18 (Марьясов) - страница 62

«Извини», – пытаюсь я сказать упавшему мальчугану. Но потом решаю, что для глухого ребенка это не многое будет значить. Я протягиваю ему руку, желая помочь подняться, но он с воплем вырывается и отползает к выщербленному бордюру.

– Ну и черт с вами! – кричу я им. Что за урок мне был преподан? Что же со мной, в конце концов, не так? Мир погряз в грехах, а мы все время пытаемся выбрать меньшее из зол. Пытаемся сделать правильный выбор и отвечать за свои поступки. Это и означает быть взрослым человеком?

– Пока-пока! – я машу им рукой и, развернувшись, шагаю прочь. Мышцы лица совсем не подчиняются мне. Оно корчит какие-то гримасы, жалобные и отчаянные, мое лицо выдает меня с головой. Я крепко зажмуриваюсь на несколько секунд, чтобы совладать с чувствами, прийти в себя.

Когда я открываю глаза, вокруг меня в ярком солнечном свете пляшут красные и золотые пятна. Все вокруг – красное и золотое. Красное и золотое. Царствие Макдональдса на земле.

Глава 11

Мы идем по лесу – я, Вадик и Деня. Все те же лица, как видите. Лена вообще частенько говорила мне, что я общаюсь с одними и теми же людьми, да только это не совсем так. На деле я общаюсь очень со многими, в день случается встречать сразу дюжину незнакомцев и незнакомок. Но есть, чего уж тут, у каждого человека свой круг. Деня, впрочем, не совсем из моего круга. Но он и не случайный тут человек.

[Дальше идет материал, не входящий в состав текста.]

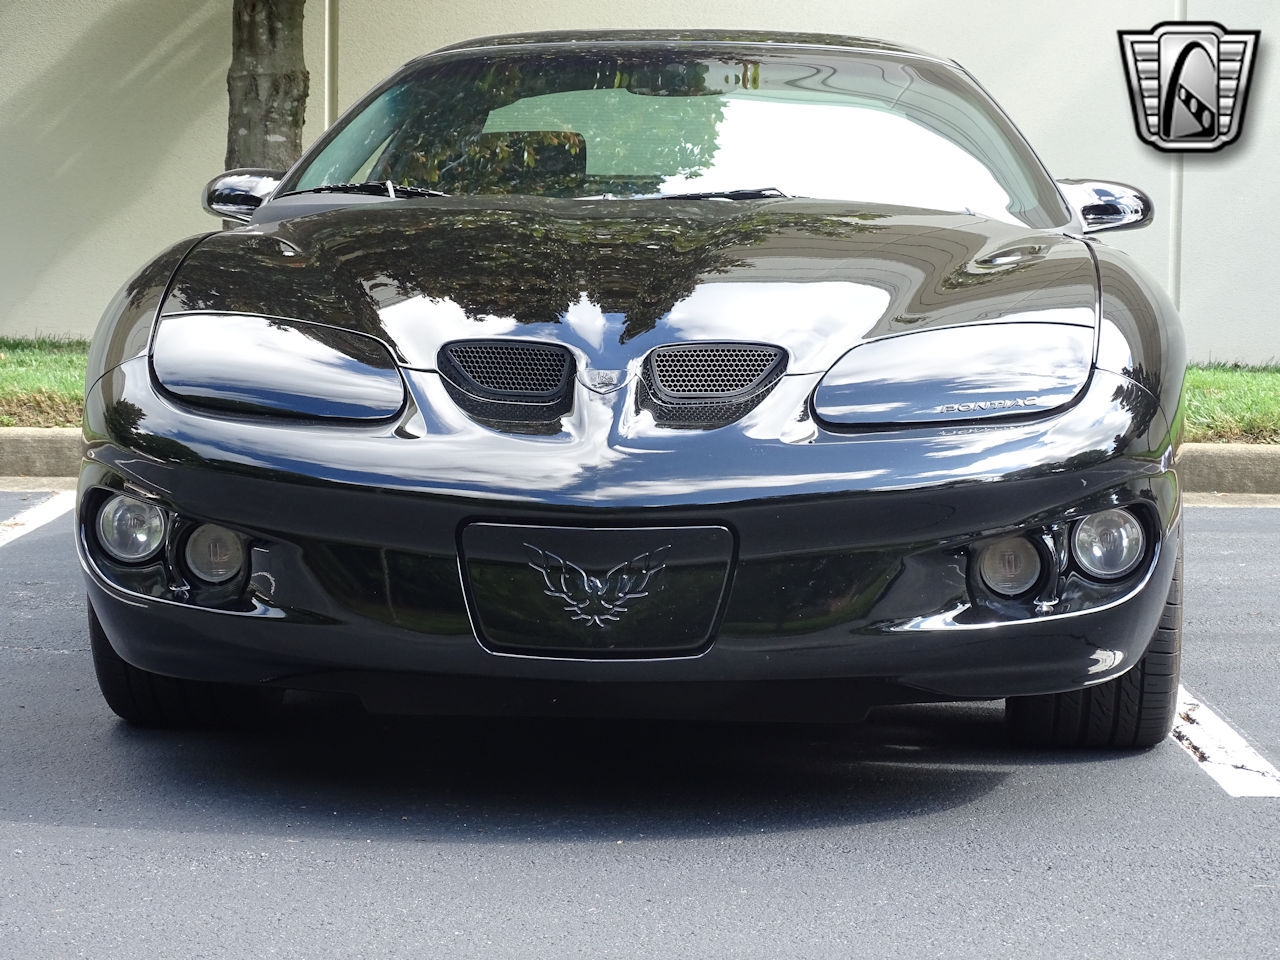 2001 Pontiac Firebird 2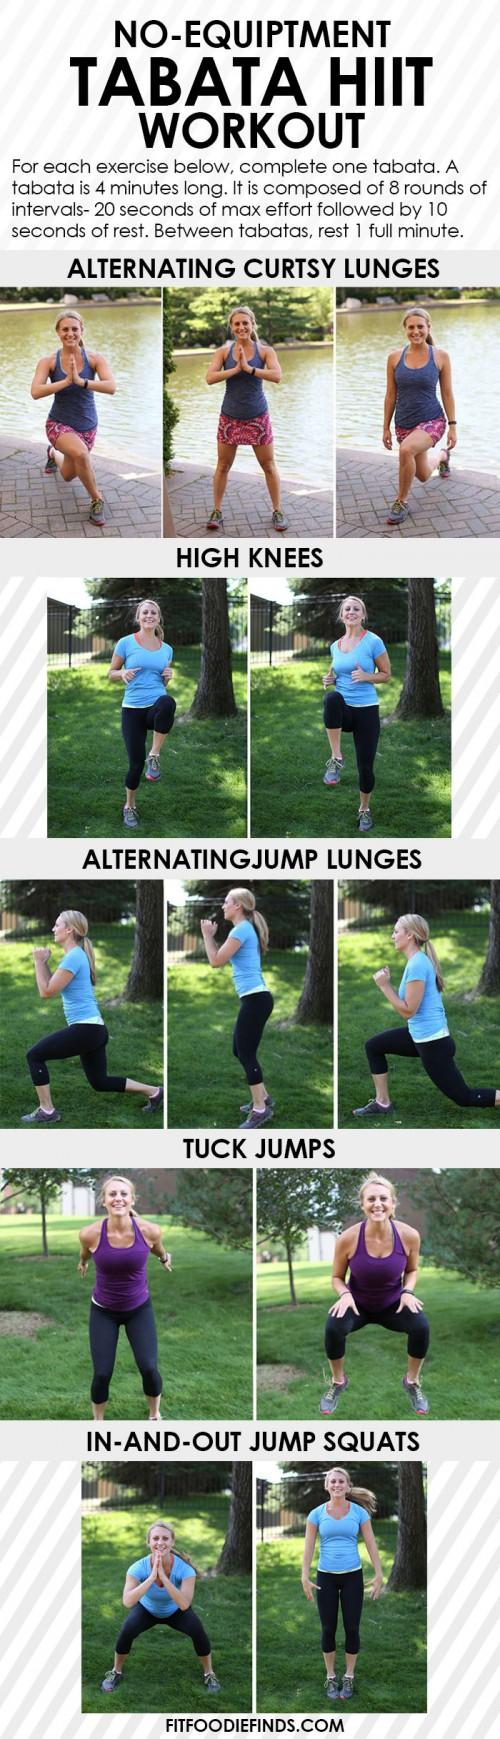 no equipment tabata workout

Мы идем по лесу, по лесопарку, по лесополосе. Справа – ранние огни большого города, слева – сырой и душный полумрак. Мы шагаем молча, я отчего-то потерял вкус к разговорам в последние дни. А если и начинаю говорить, то только с женщинами. Мужчины меня не интересуют, они меня просто не поймут, они почти все действительно гнусные существа. Я живу со стойким убеждением, что бабы, в сущности, человечнее обладателей венозной плоти между ног. Они чаще моются, одеваются с большим вкусом и медленнее стареют. Они реже впадают в разврат. Они лучше понимают, что такое жизнь, и они куда меньше боятся смерти.

Мы трое – мужчины, – я иду в полумраке и боюсь смерти, боюсь нападения сзади и спереди. Деня добрый чудак и слишком слабый, Вадик с его манерами романтичного педераста тоже не воин. И когда к нам подходят двое в белых шортах, я пугаюсь от безысходности. Я нащупываю в кармане бумагу, в которую завернута конопля, и готовлюсь бросить ее прочь, под нижние юбки кустарников. Эти двое разные – один больше, другой меньше, но, в общем-то, одинаковые для меня сейчас.

– Братан, погоди, – говорит тот, что больше, и я смотрю на него внимательнее.

– Стой, братан, стой, – второй делает попытку удержать за локоть Деню. Деня интеллигент, в понимании тех, кто и сегодня любит Гребенщикова, с одинаковым удовольствием читает целомудренную шестидесятническую прозу и грязный реализм Лимонова. Но больше всего Деня любит советское кино, и эти суки ему никакие не братья.